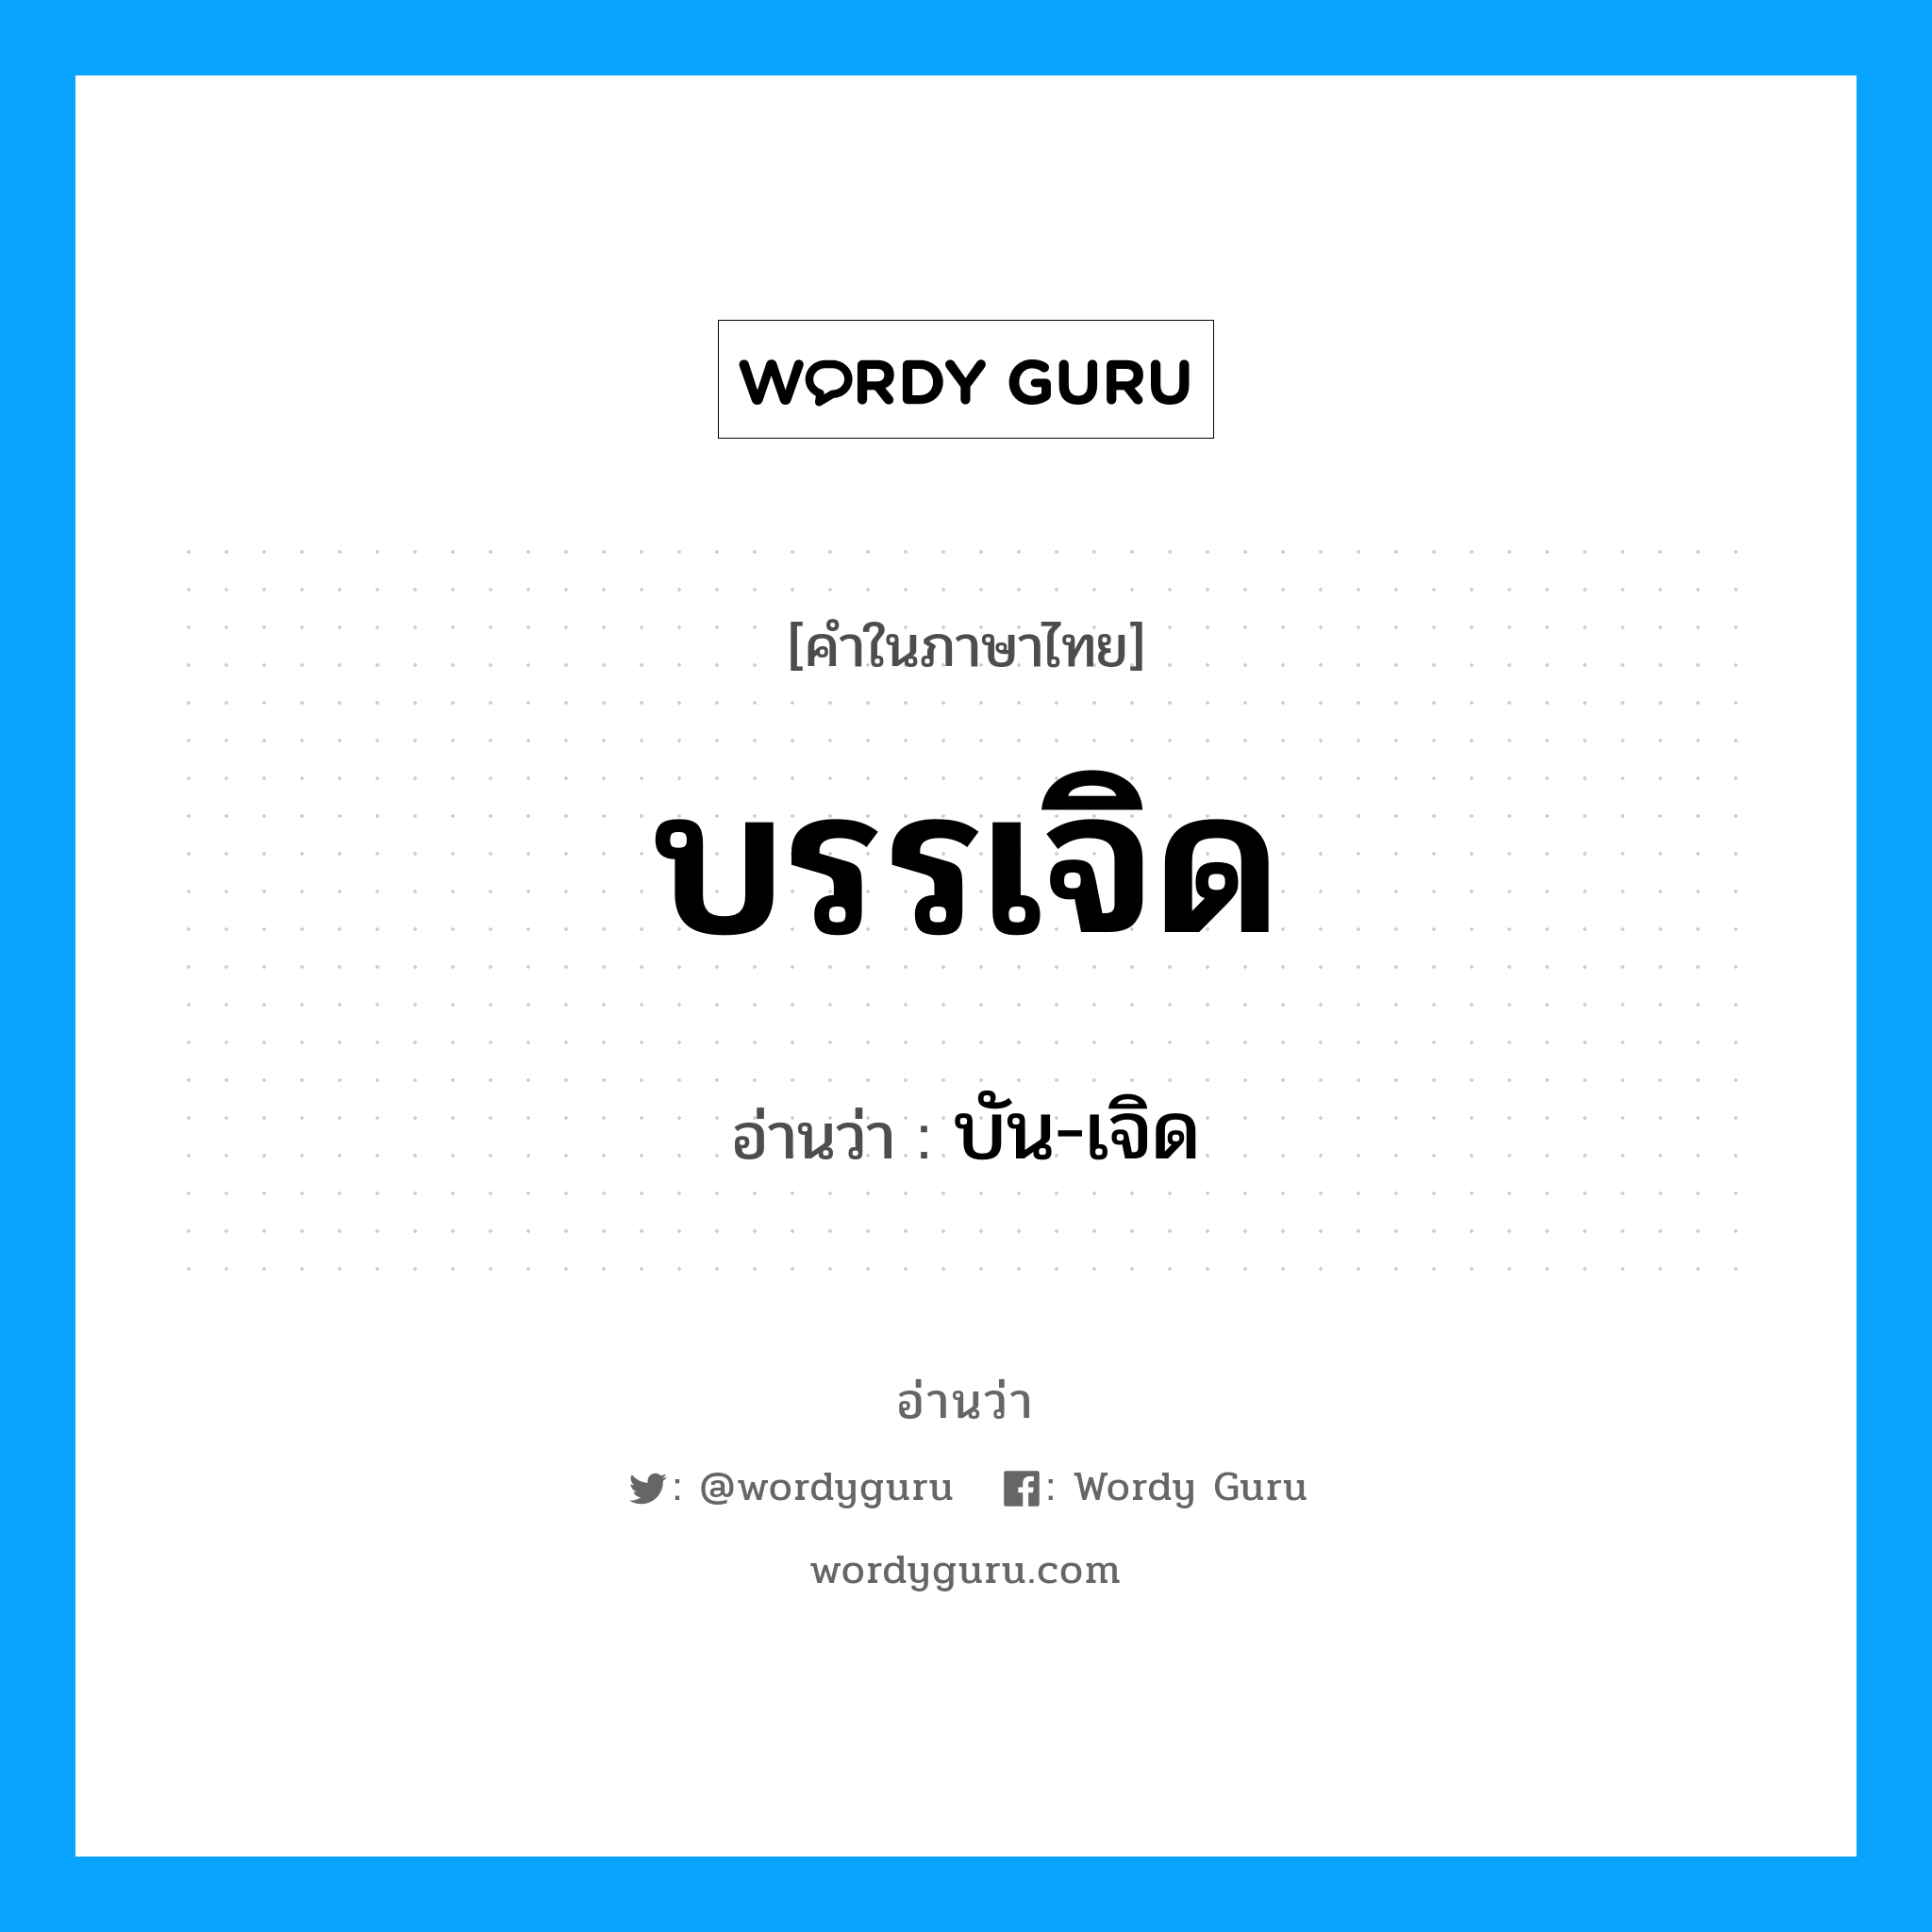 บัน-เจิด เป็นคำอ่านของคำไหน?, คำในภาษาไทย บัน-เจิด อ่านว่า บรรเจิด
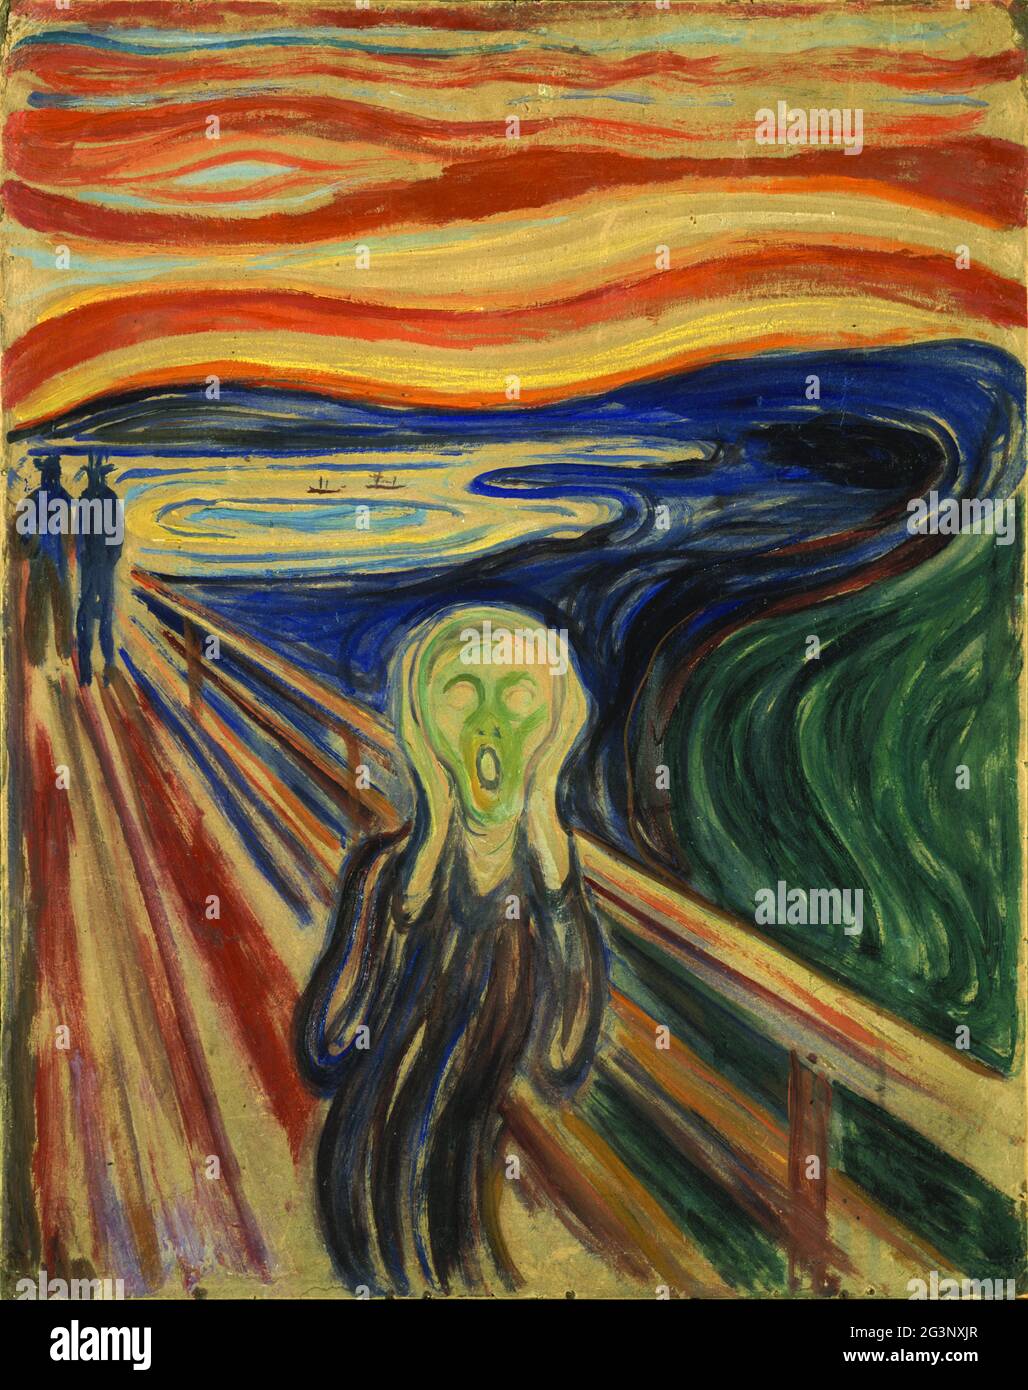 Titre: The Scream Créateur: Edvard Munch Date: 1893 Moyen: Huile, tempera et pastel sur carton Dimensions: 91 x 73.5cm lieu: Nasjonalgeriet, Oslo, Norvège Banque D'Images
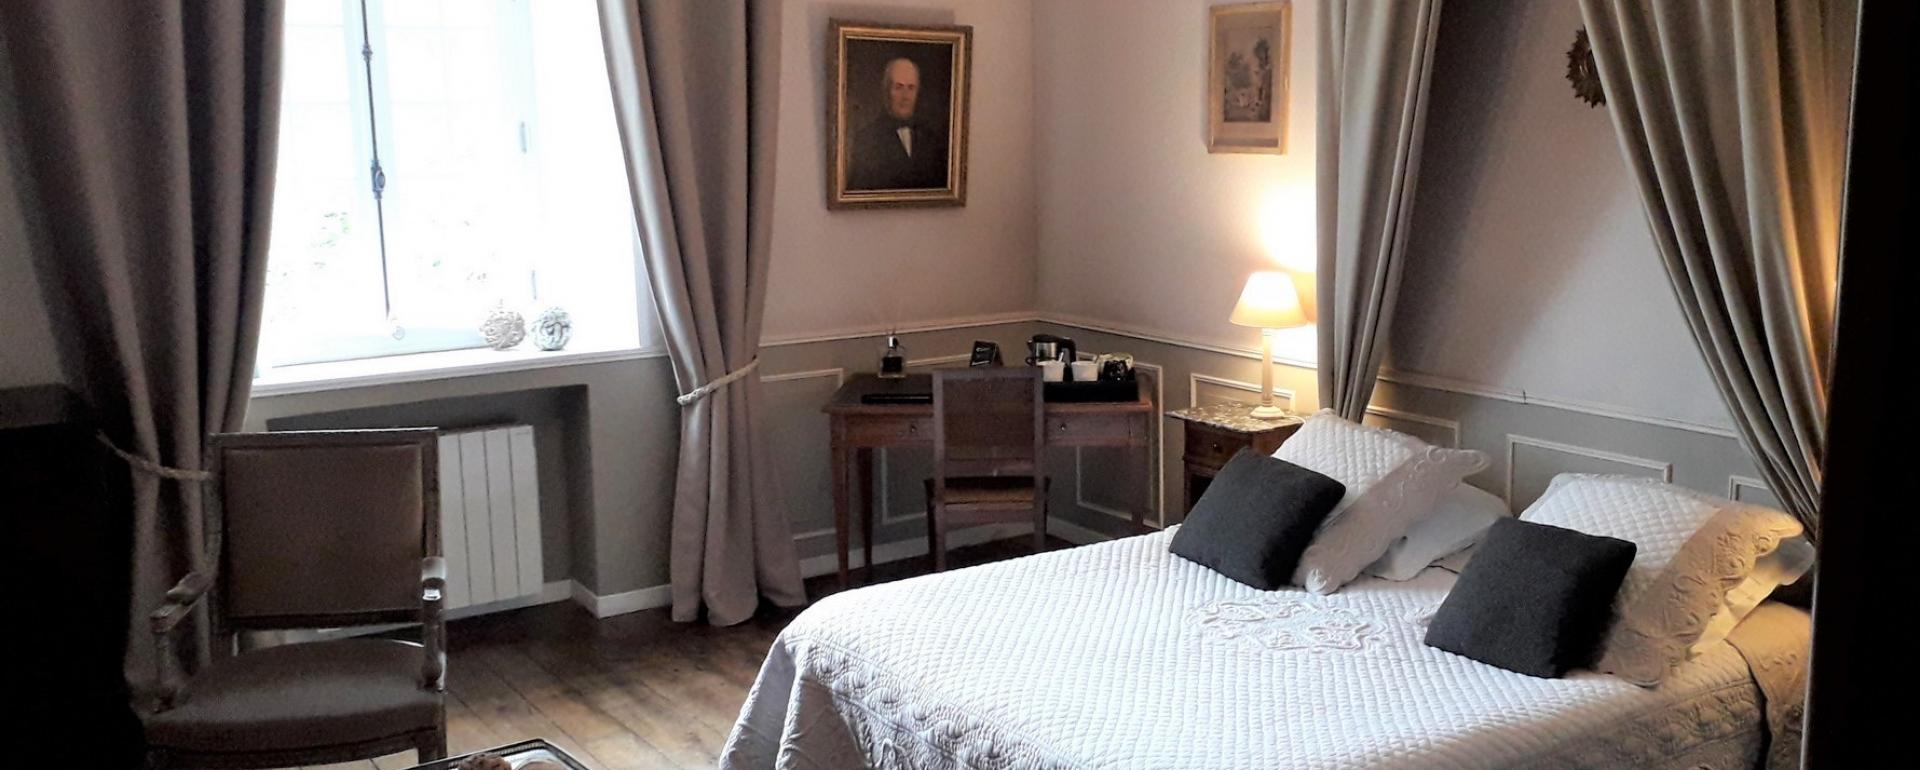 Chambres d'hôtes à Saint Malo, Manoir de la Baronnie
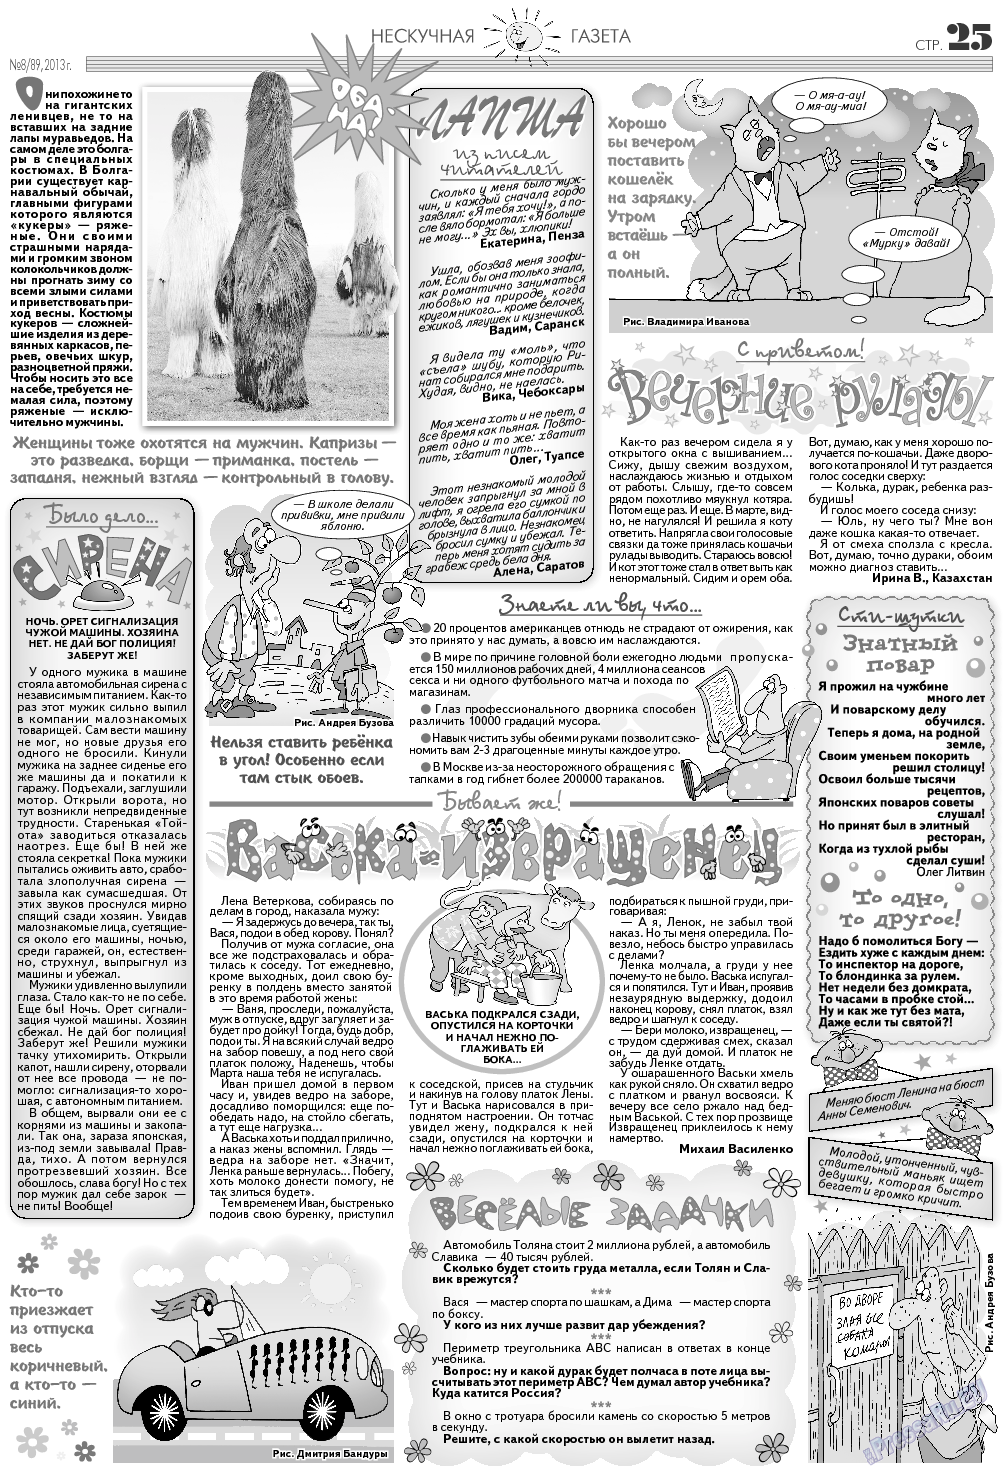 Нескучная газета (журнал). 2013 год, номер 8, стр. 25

*TASK DETAILS*.
Word for word, output the lines from the beginning of the listing through the line holding "Chambres d'hôtes à" and nothing beyond them. Omit the pictures.

*EXPECTED ANSWER*.
 บัน-เจิด เป็นคำอ่านของคำไหน?, คำในภาษาไทย บัน-เจิด อ่านว่า บรรเจิด
 Titre: The Scream Créateur: Edvard Munch Date: 1893 Moyen: Huile, tempera et pastel sur carton Dimensions: 91 x 73.5cm lieu: Nasjonalgeriet, Oslo, Norvège Banque D'Images
 Chambres d'hôtes à Saint Malo, Manoir de la Baronnie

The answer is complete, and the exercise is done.